Replacing DeShawn Snow, Burruss joined The Real Housewives of Atlanta in its second season, which began airing in July 2009. From 2009 to 2023, she had appeared in every subsequent season of the show, becoming the series' longest-serving cast member. On a grander scale, she is currently tied with Teresa Giudice from The Real Housewives of New Jersey as the longest-serving full-time cast members of the entire Real Housewives franchise as of the premiere of RHOAs fifteenth season in May 2023, surpassing original Housewives Vicki Gunvalson of Orange County and Ramona Singer of New York City's joint record of thirteen full-time seasons. When she first joined the show, she had recently become engaged to her boyfriend A.J. and was shown expressing interest in reviving her music career. A feud developed between her and Nene Leakes after Burruss became friends with Zolciak and helped her record her single "Tardy for the Party". In the third season, Zolciak and Burruss continued recording music together, although they clashed over their creative differences. A conflict between Burruss, Leakes, and Zolciak later ensued while the latter two women embarked on a promotional concert tour. In later seasons, Burruss struck up a friendship with castmates Phaedra Parks and Porsha Williams, even starring the latter a role in her production of A Mother's Love, a play that Burruss and her husband, Todd Tucker, created and produced. Sometime during her pregnancy with son Ace, a rift was shown between Phaedra and Kandi, eventually souring due to unpaid production fees that Parks owed Tucker. In February 2024, Burruss announced she had departed the series.

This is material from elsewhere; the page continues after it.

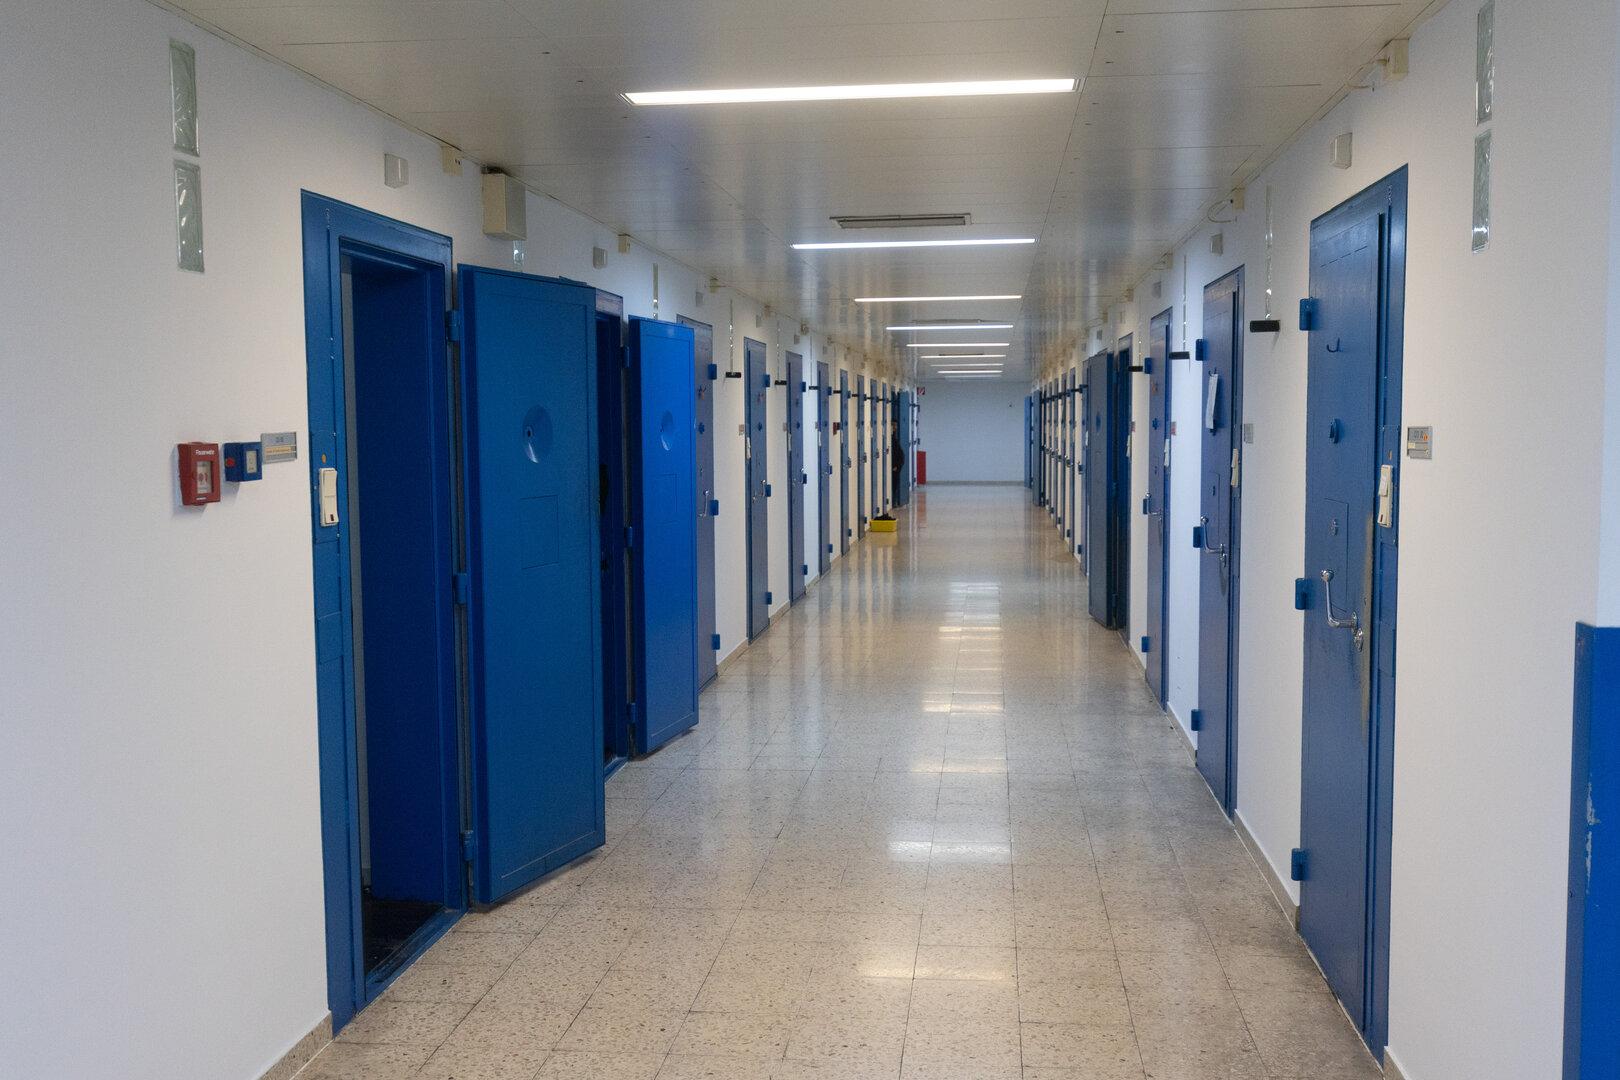 Zwei weibliche Häftlinge aus Justizanstalt Josefstadt entflohen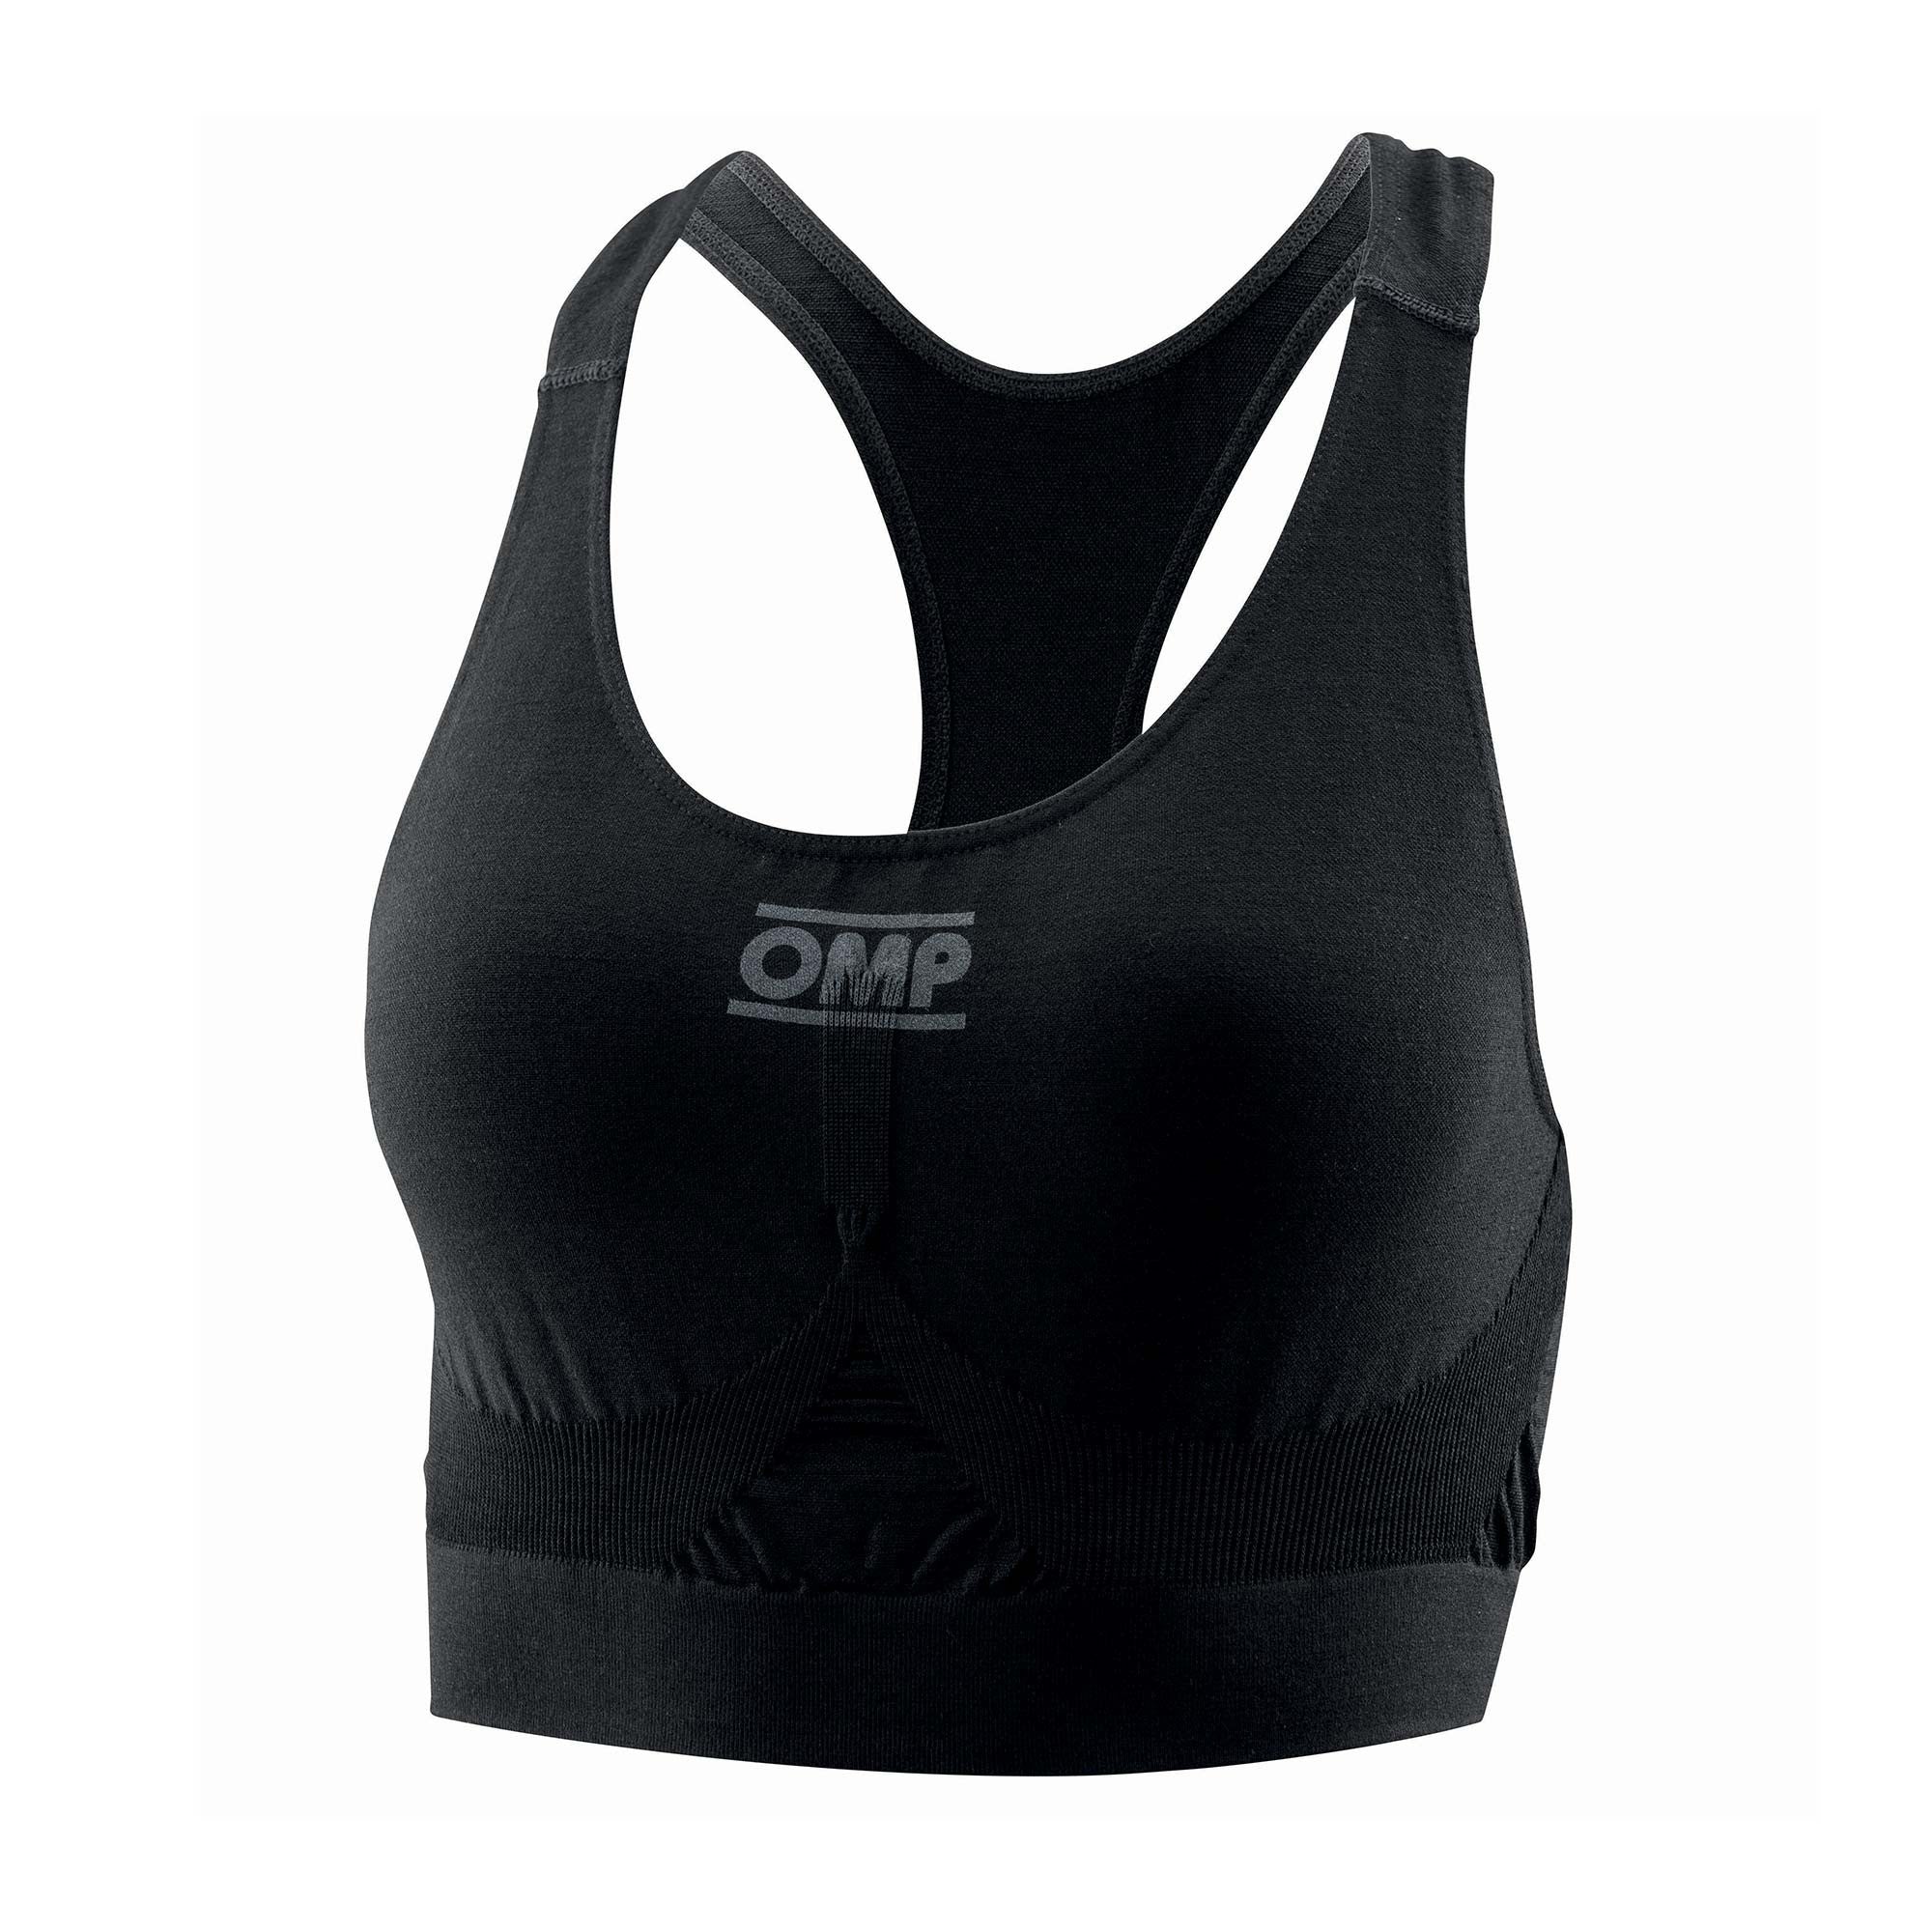 OMP IE0-0786-A01-071-S Bra underwear, FIA 8856-2018, black, size S Photo-0

Burruss received the second spin-off from The Real Housewives of Atlanta, The Kandi Factory, in 2012. It was originally planned as a one-time television special, but eventually ran for a full season. It followed Burruss and her record producers as they attempted to launch the music careers of undiscovered artists, with a new artist selected every episode. Burruss and Tucker then got another spin-off series on Bravo, titled Kandi's Wedding, which aired for five episodes in June and July 2014 and showed the two getting married. Kandi's Wedding brought in very high ratings for Bravo, and topped NeNe Leakes and Kim Zolciak's previous spin-offs. Her third spin-off series, Kandi's Ski Trip, was a three-part special that aired in 2015 after the conclusion of the seventh season of The Real Housewives of Atlanta.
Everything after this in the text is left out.